BEGIN
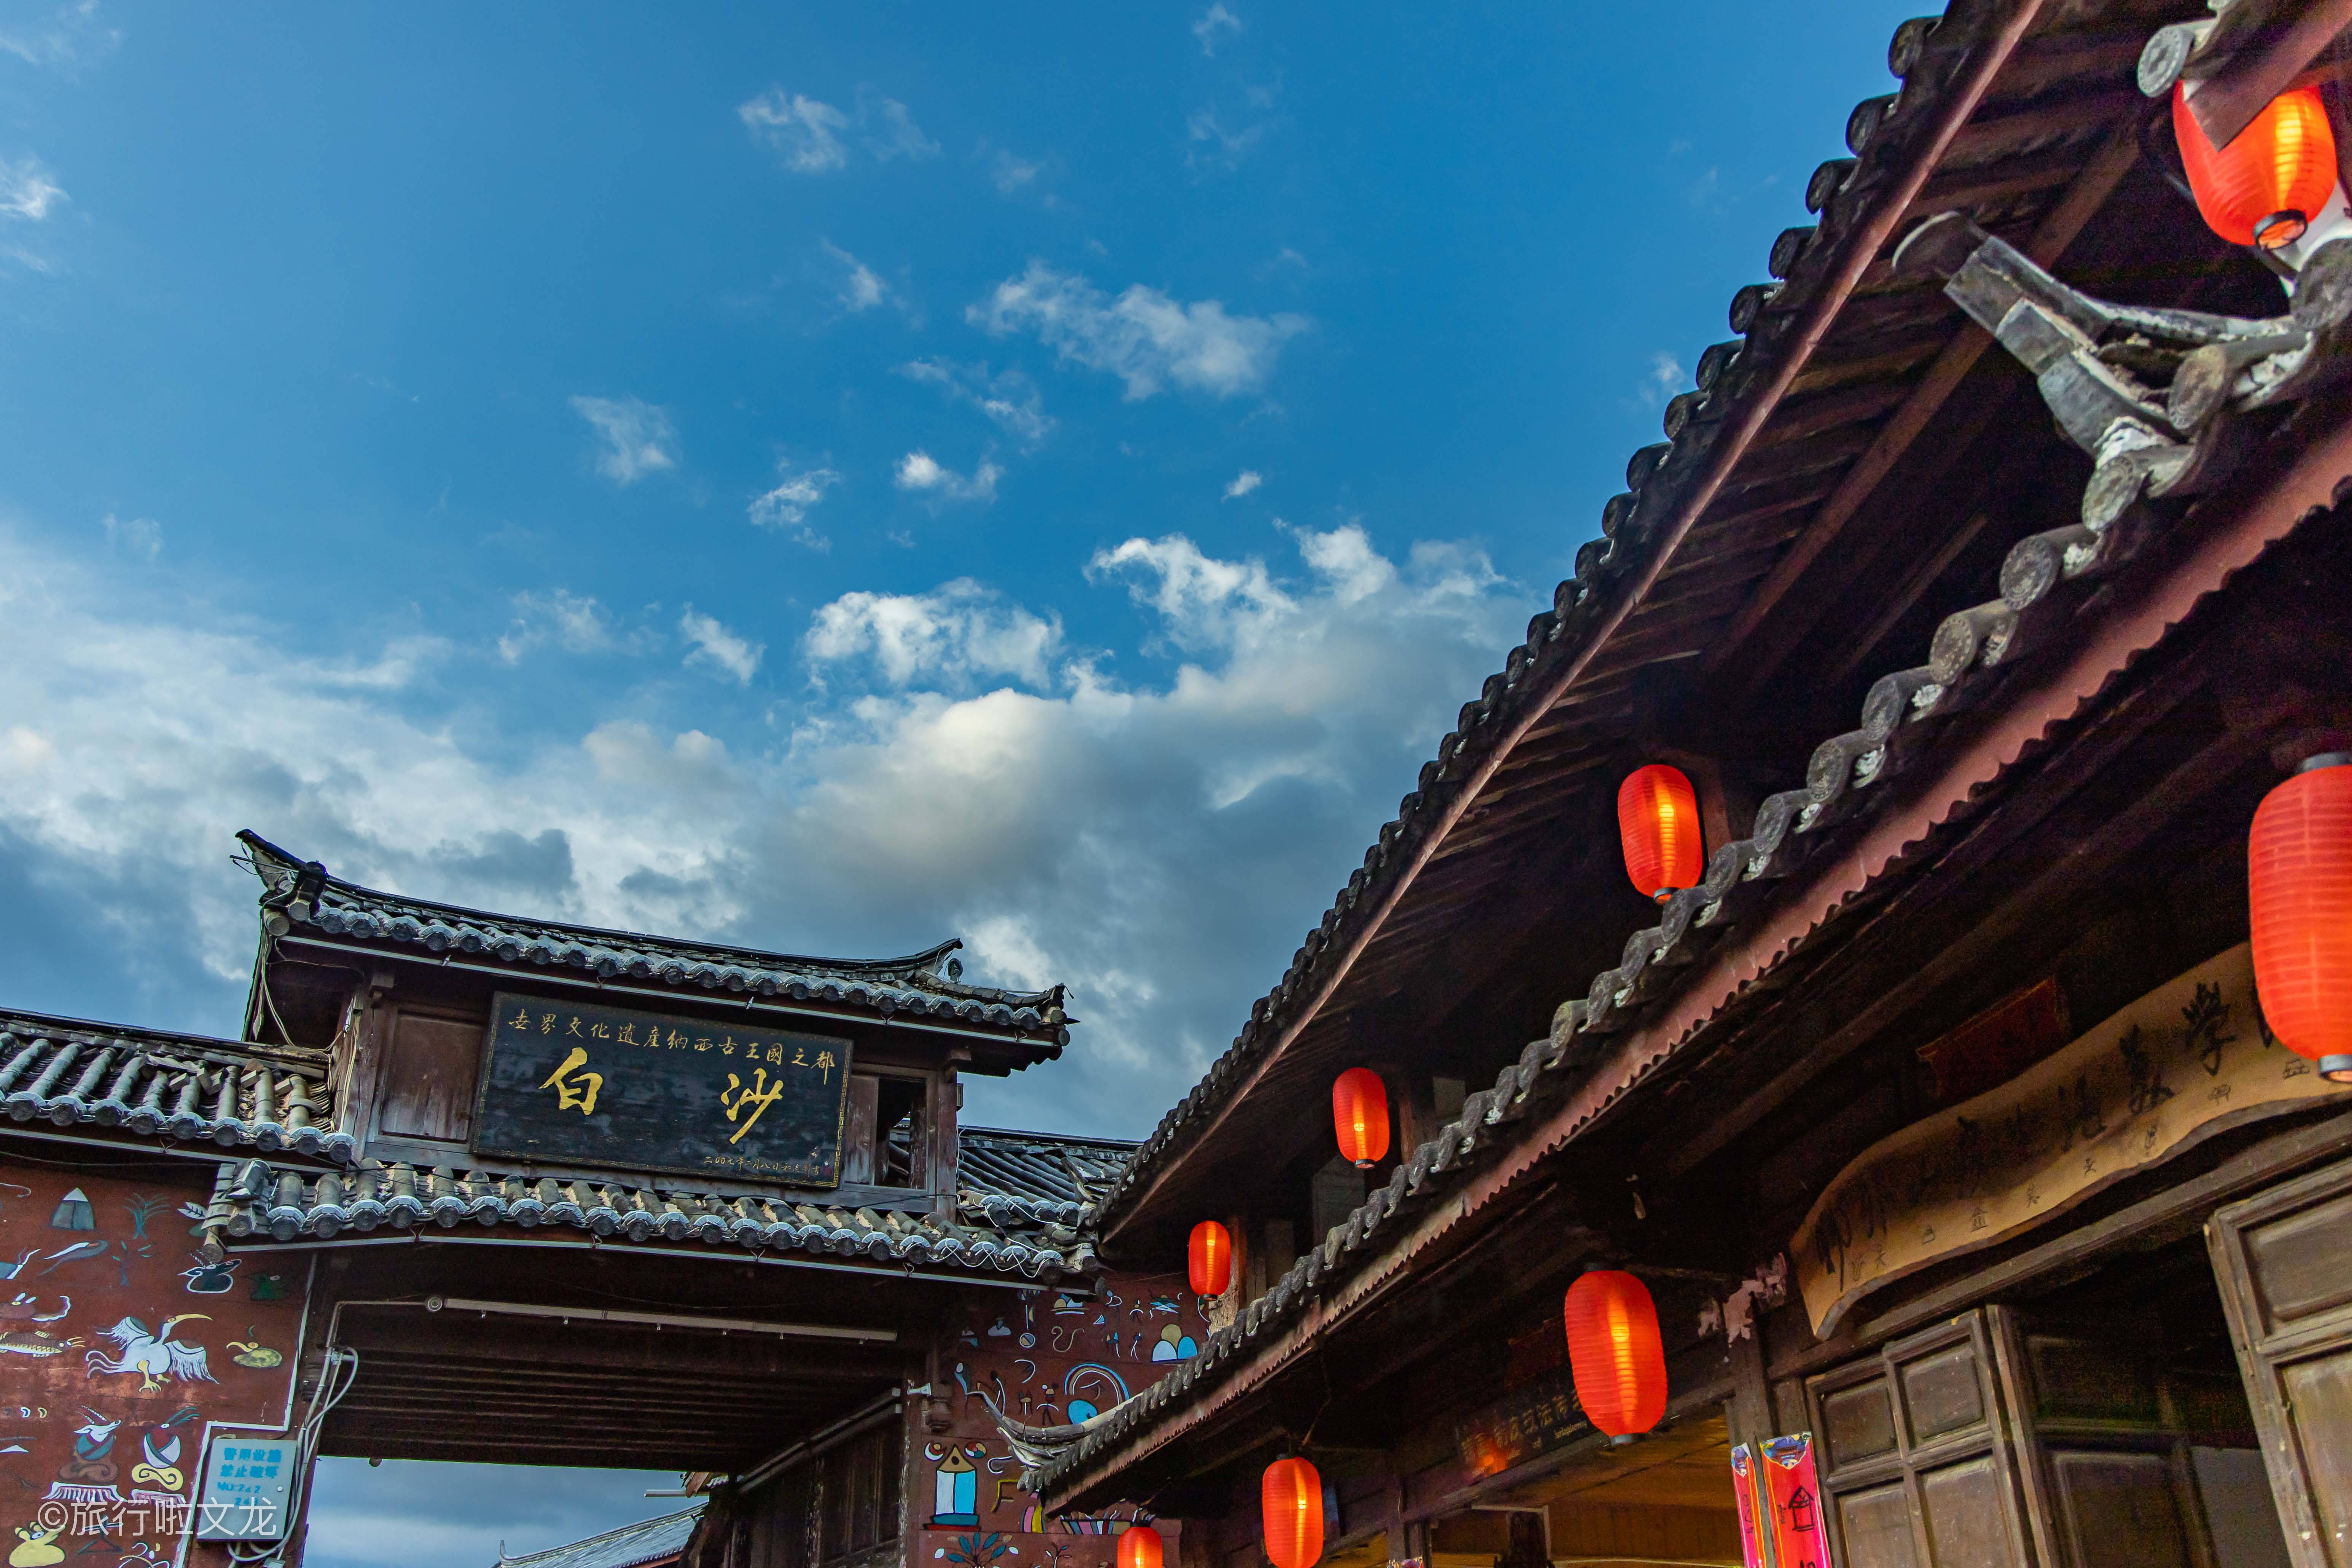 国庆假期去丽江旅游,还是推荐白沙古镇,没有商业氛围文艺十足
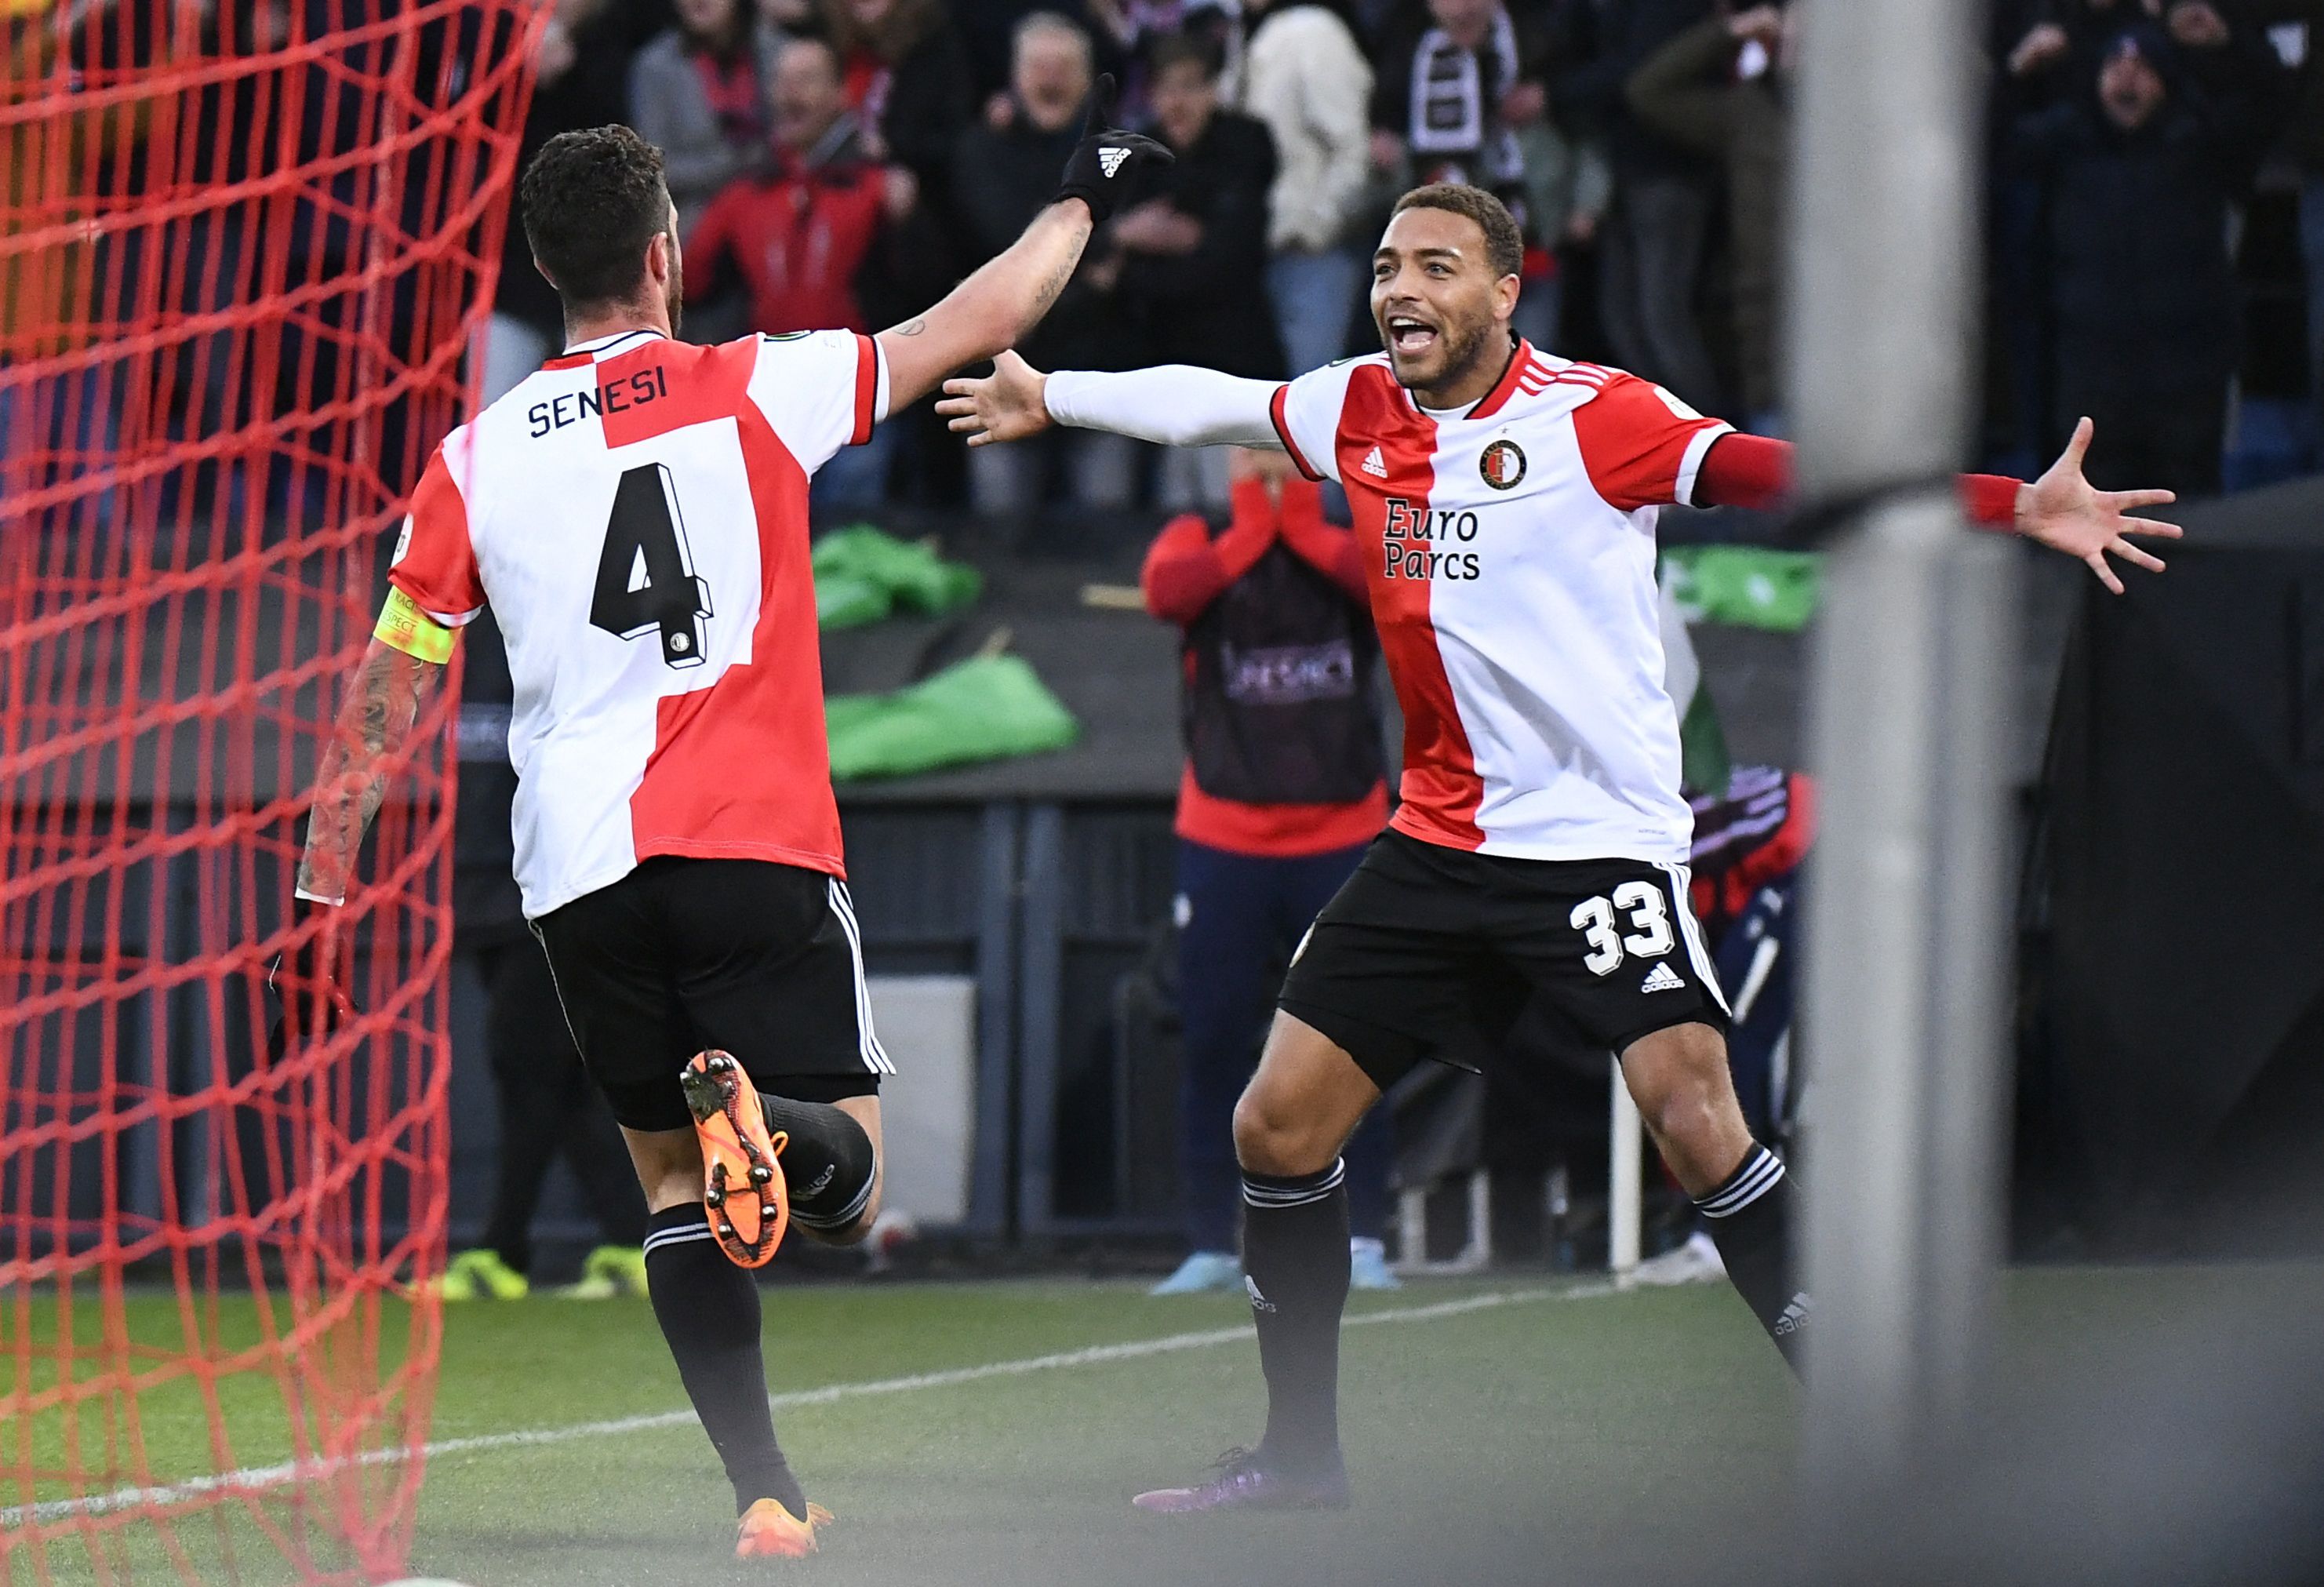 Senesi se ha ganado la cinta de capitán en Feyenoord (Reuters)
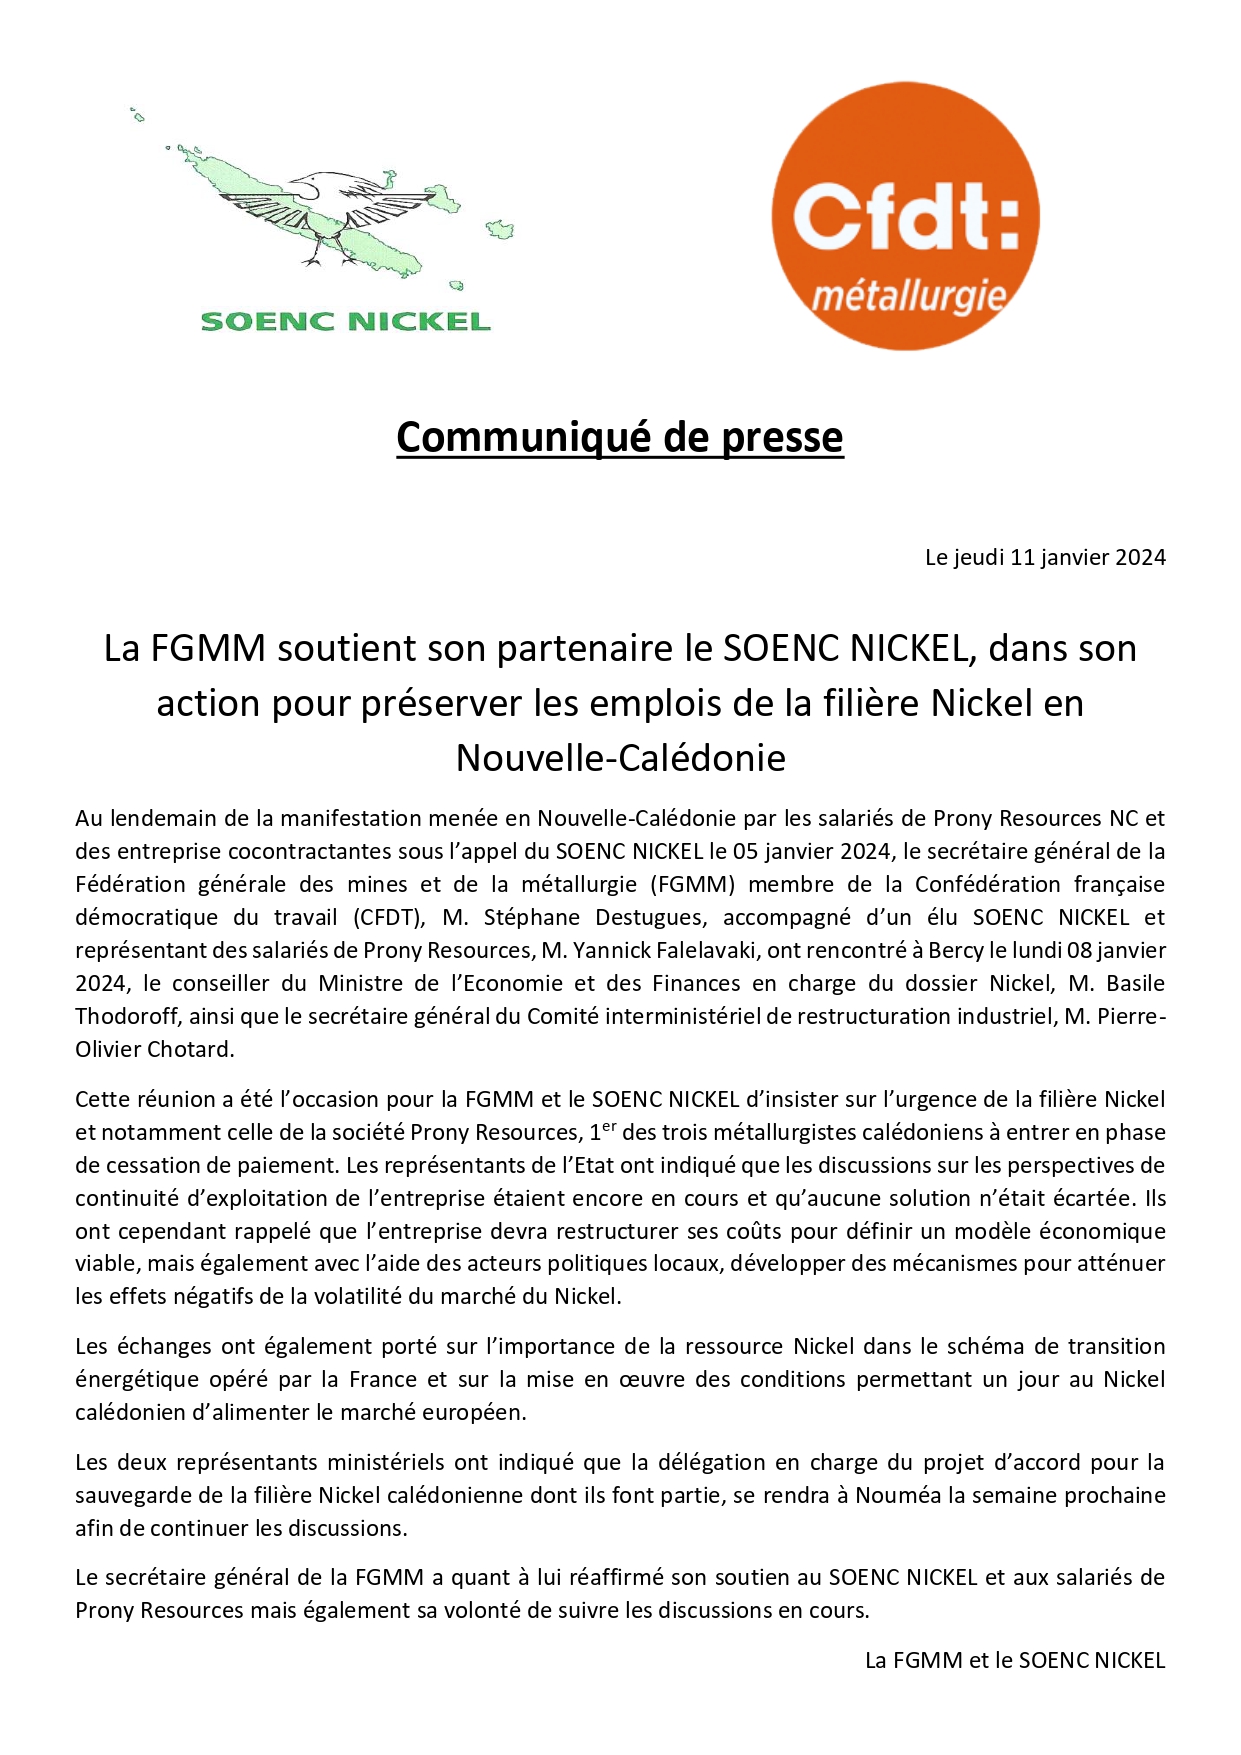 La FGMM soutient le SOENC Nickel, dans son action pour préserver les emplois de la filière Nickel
END
▸ **PROBLEM STATEMENT**: I would like the material repeated in full and exactly, with its images omitted.

▸ **OUTPUT BELOW**:
 国庆假期去丽江旅游,还是推荐白沙古镇,没有商业氛围文艺十足
 Senesi se ha ganado la cinta de capitán en Feyenoord (Reuters)
 La FGMM soutient le SOENC Nickel, dans son action pour préserver les emplois de la filière Nickel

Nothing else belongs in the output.